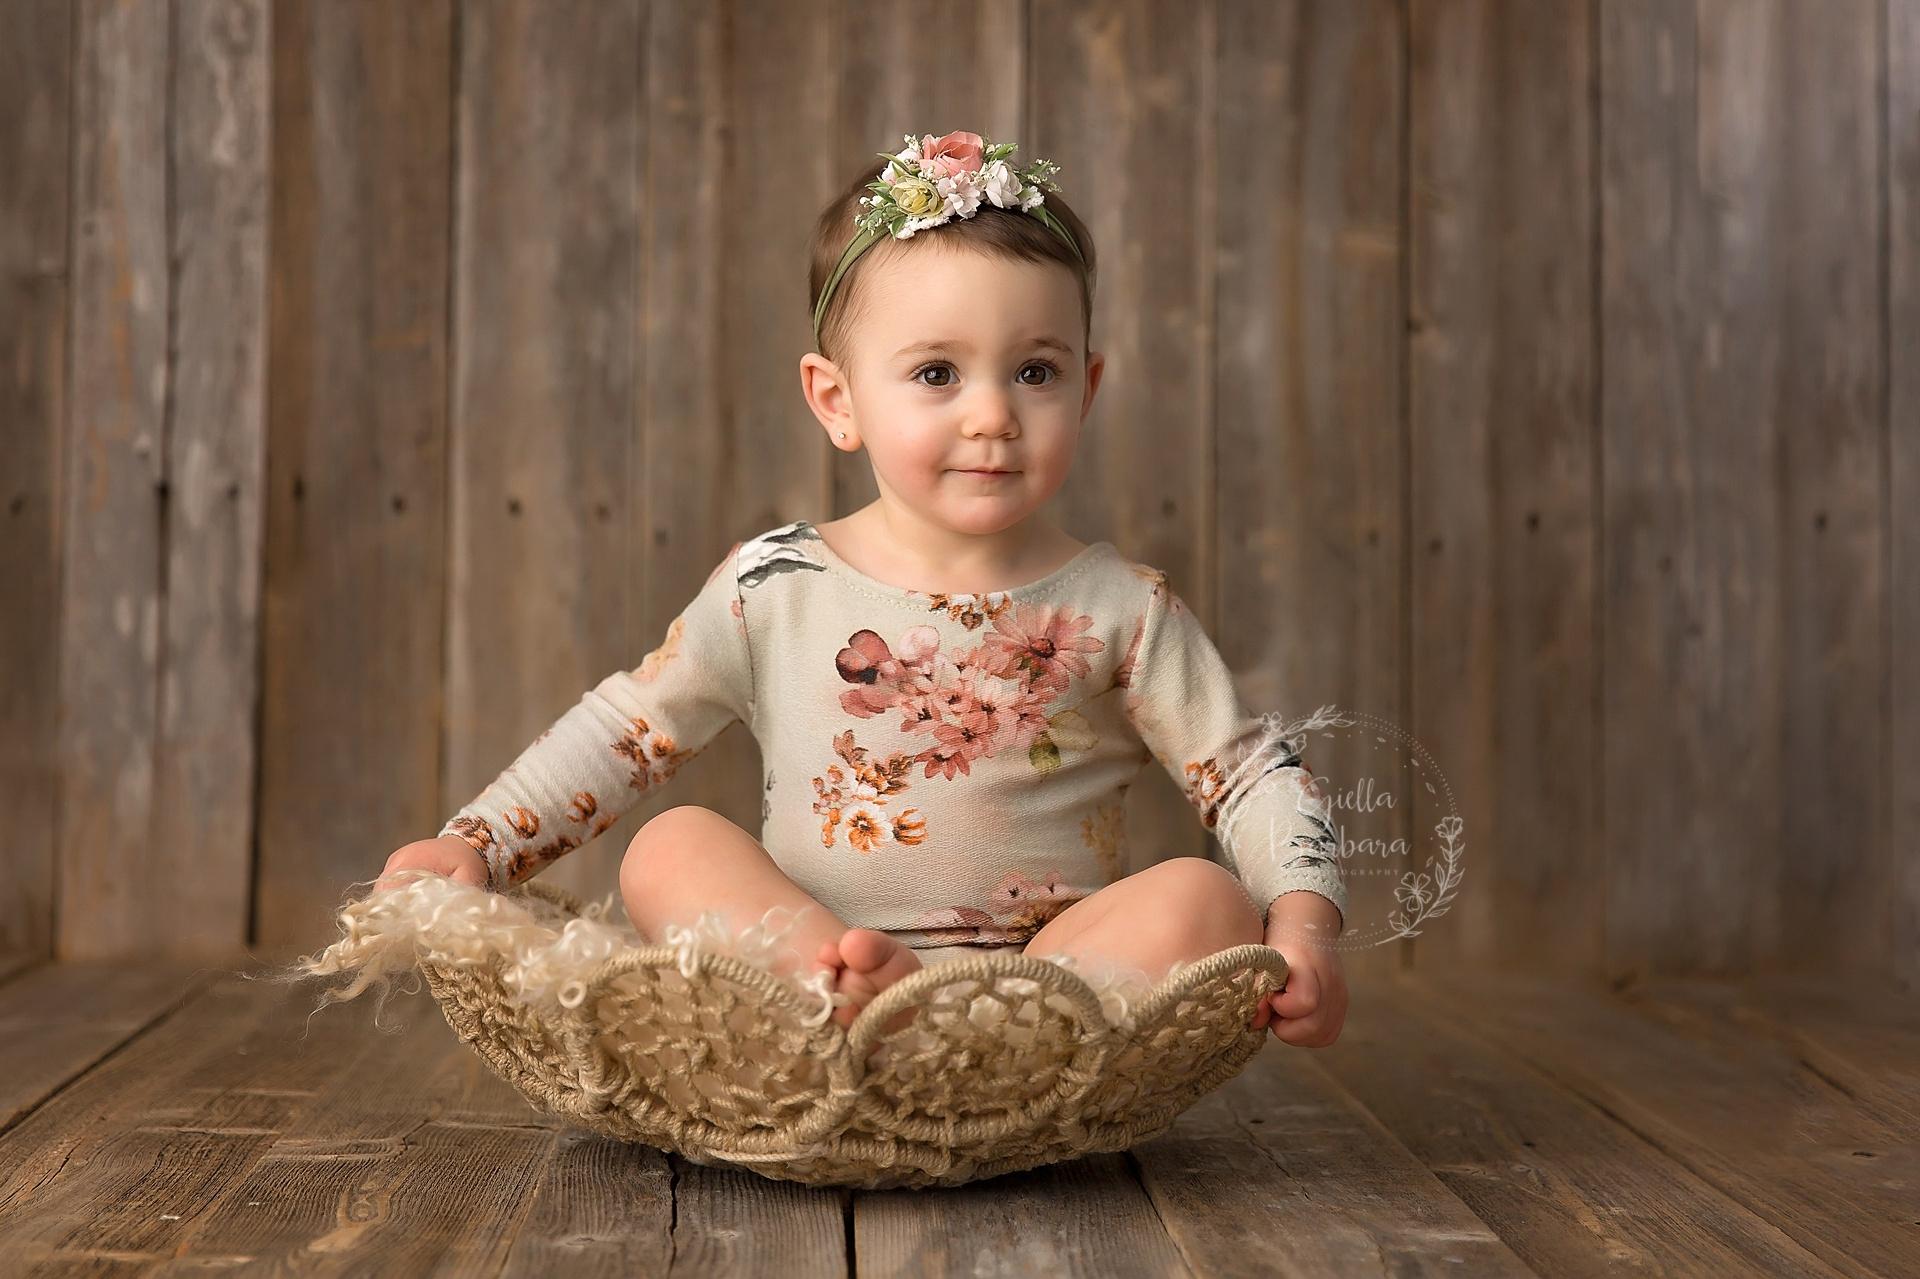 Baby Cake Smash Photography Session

* * *

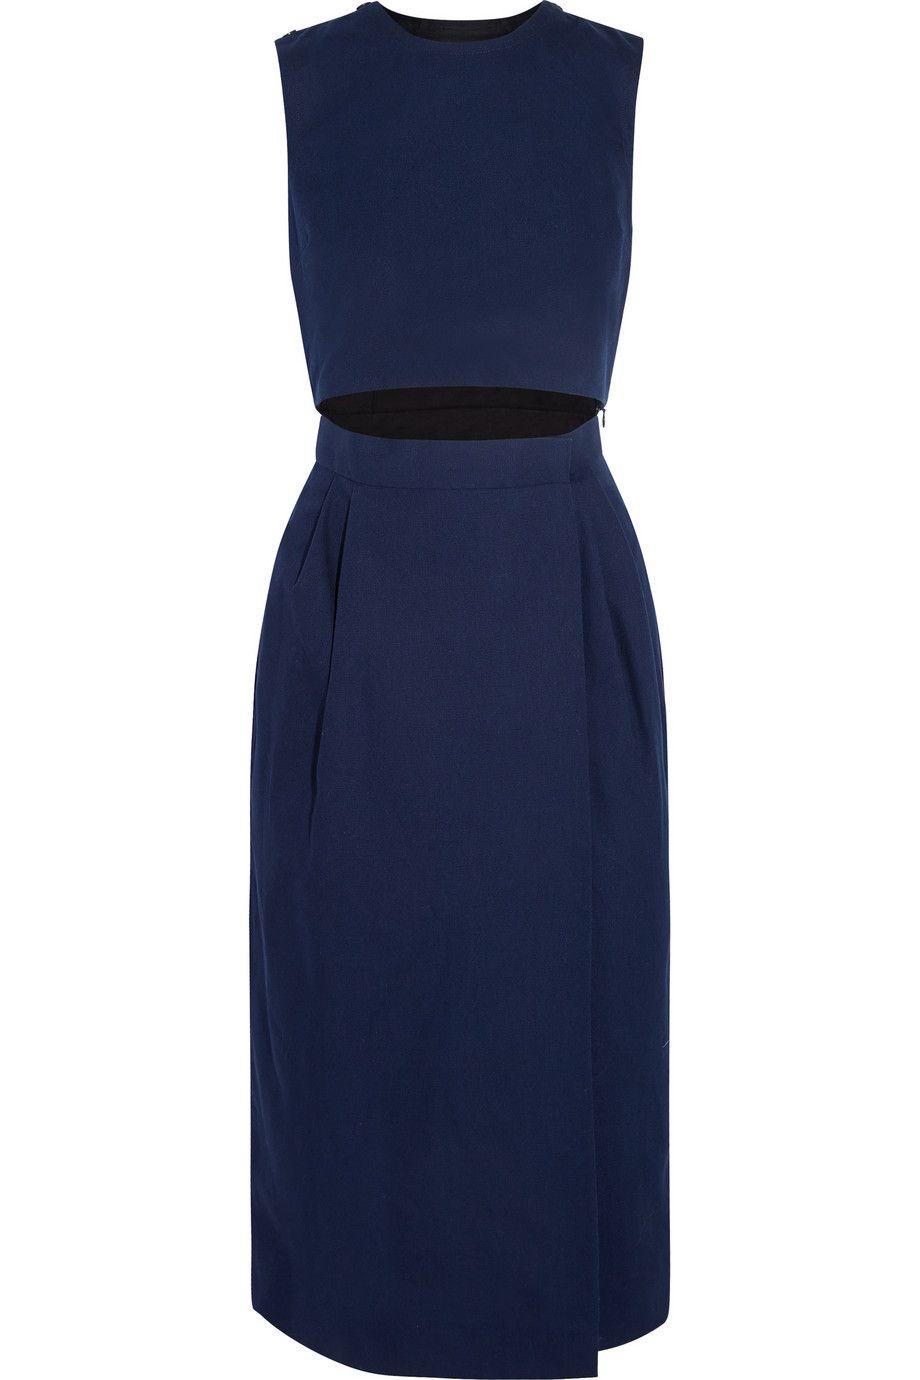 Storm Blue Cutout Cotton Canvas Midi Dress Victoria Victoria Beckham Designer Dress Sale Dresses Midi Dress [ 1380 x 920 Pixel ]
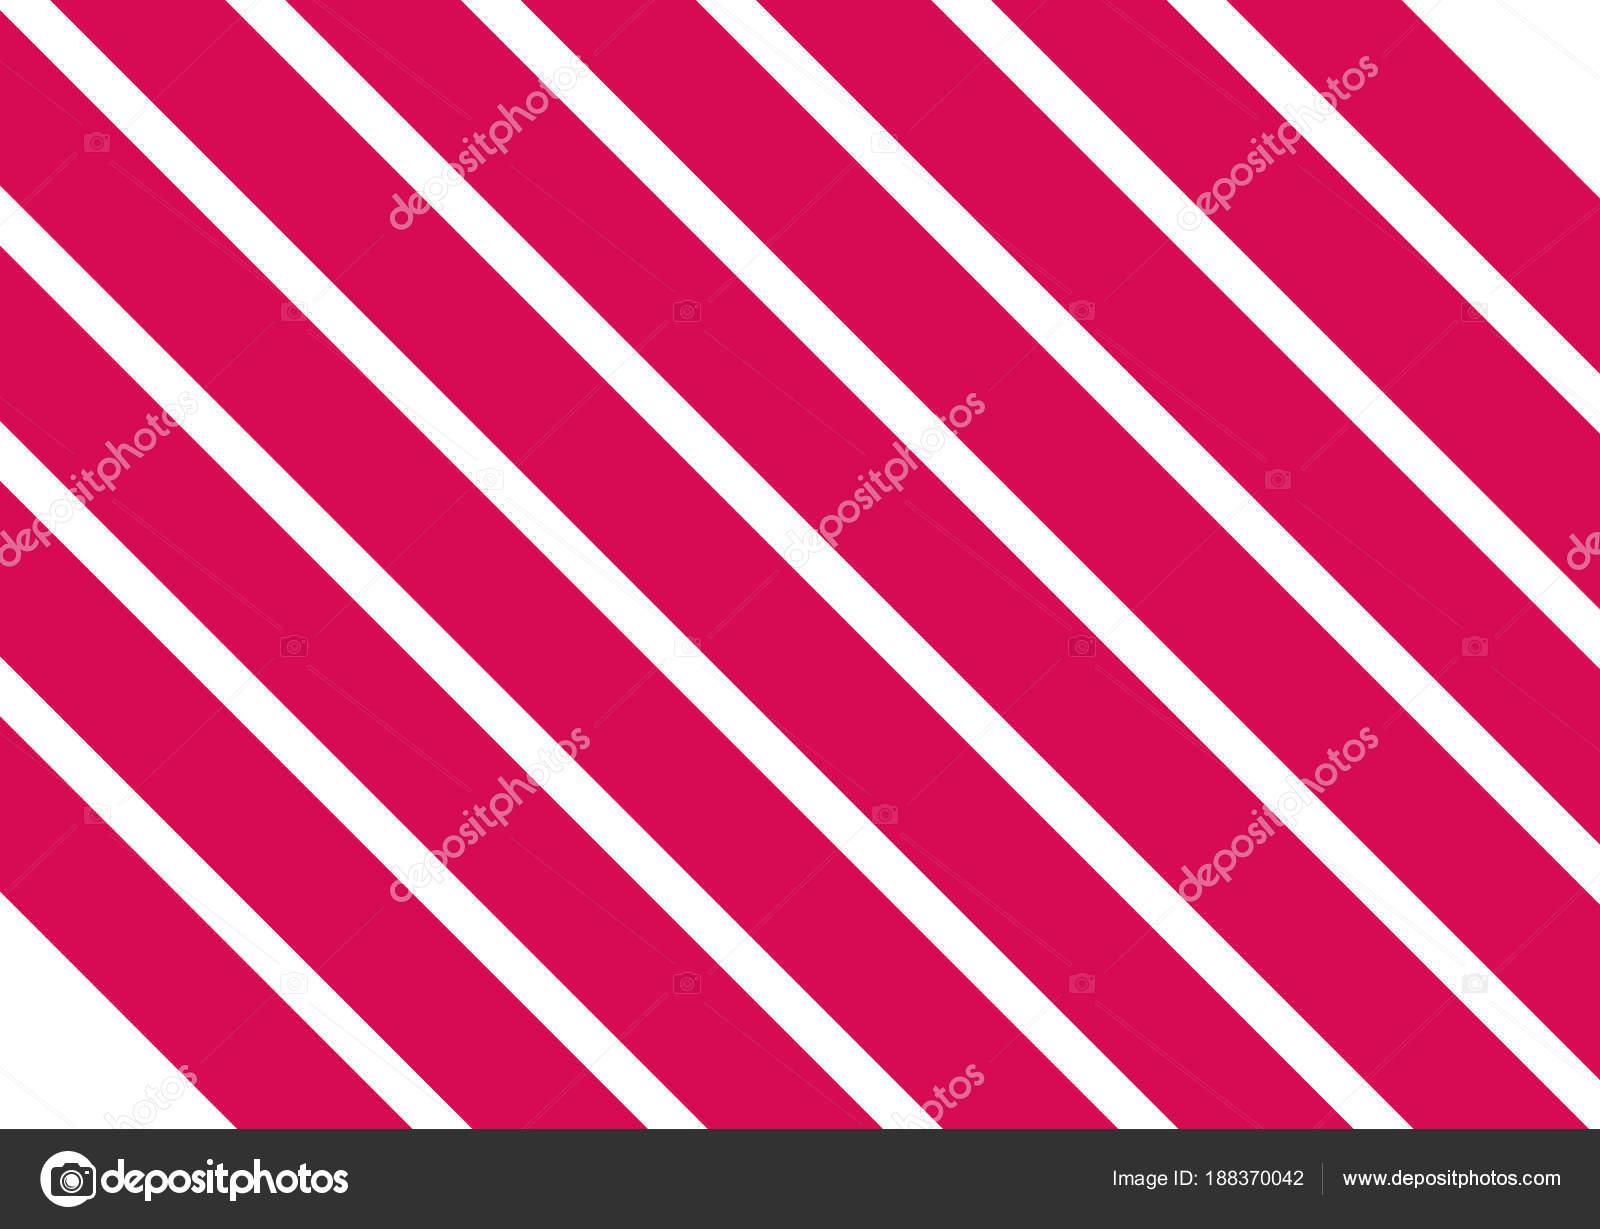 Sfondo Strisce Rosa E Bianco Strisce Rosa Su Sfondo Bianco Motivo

* * *

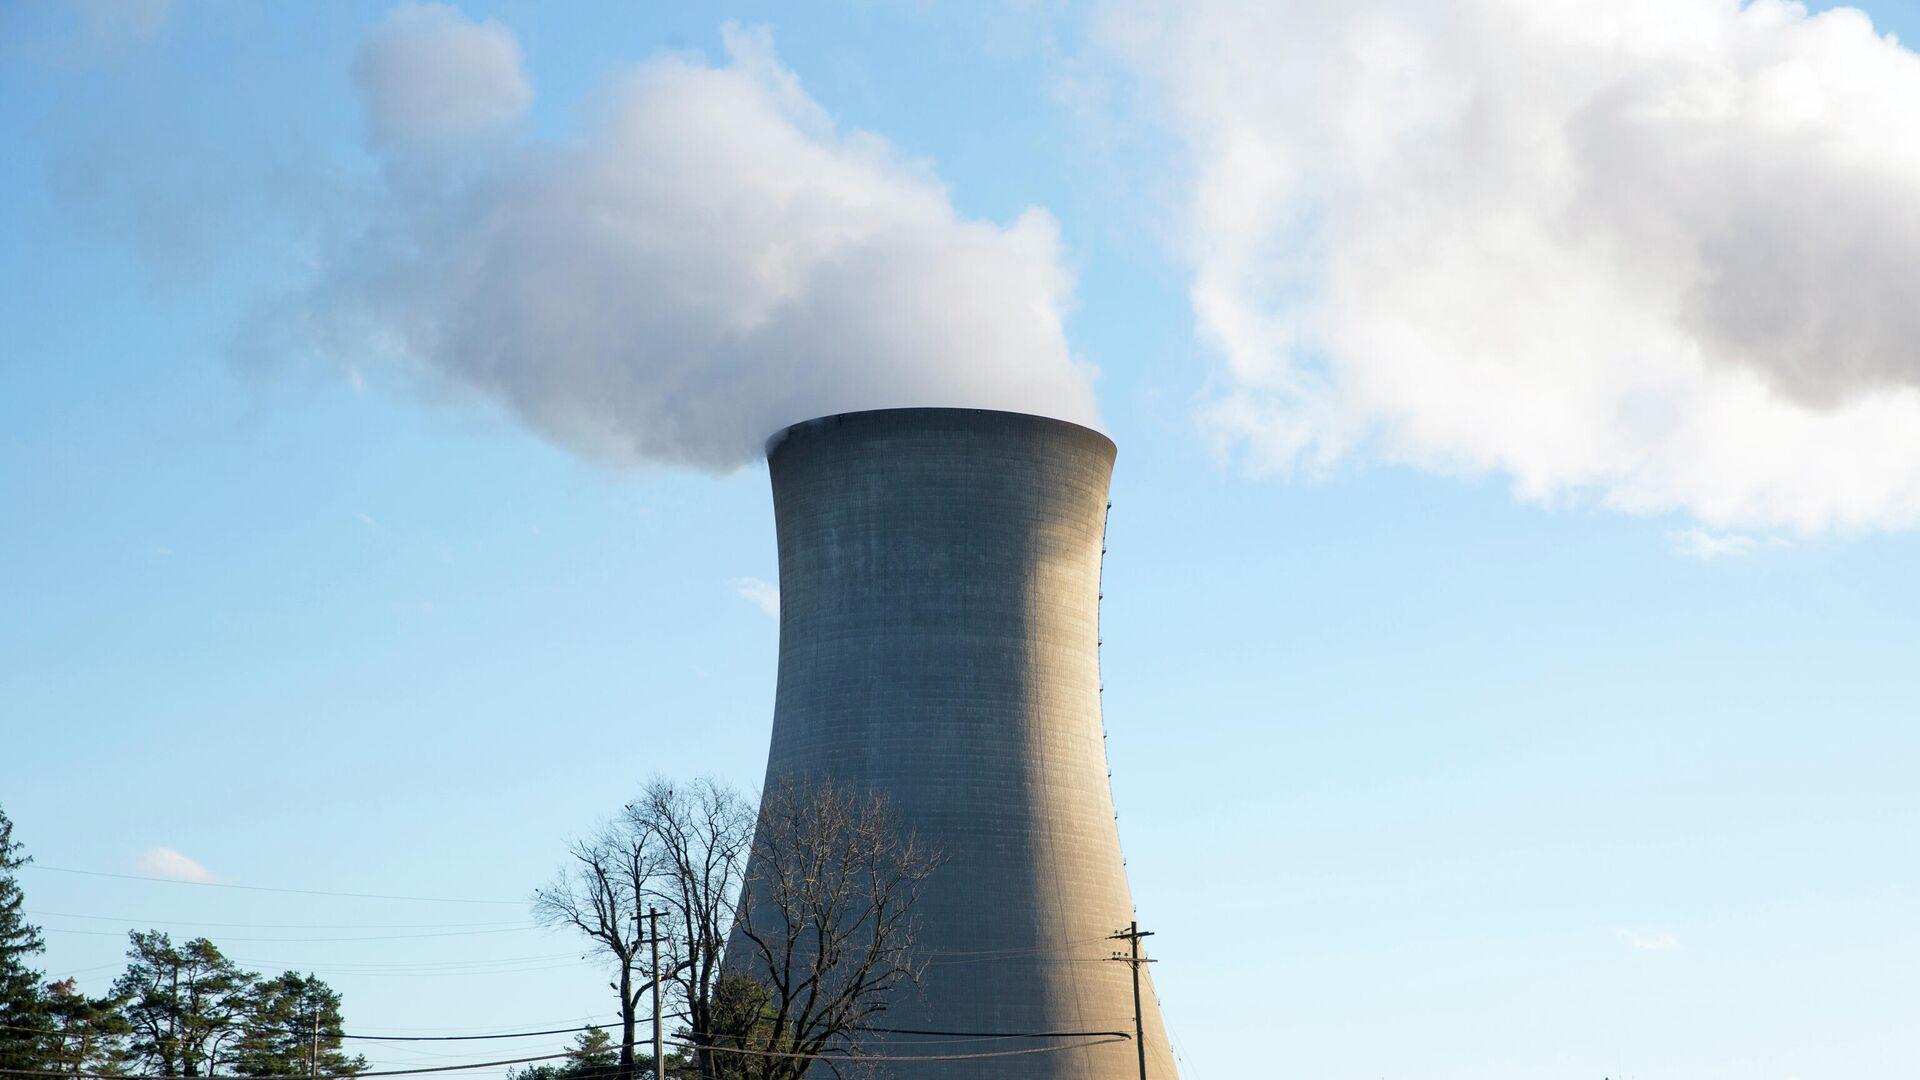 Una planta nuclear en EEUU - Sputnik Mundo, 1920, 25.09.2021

**TASK TO CARRY OUT**
Out of the records above, set down only the lines from the one that contains "Storm Blue Cutout" through the one that contains "Sfondo Strisce Rosa", unchanged and without the pictures.

**RESPONSE TO THIS TASK**
 Storm Blue Cutout Cotton Canvas Midi Dress Victoria Victoria Beckham Designer Dress Sale Dresses Midi Dress [ 1380 x 920 Pixel ]
 Sfondo Strisce Rosa E Bianco Strisce Rosa Su Sfondo Bianco Motivo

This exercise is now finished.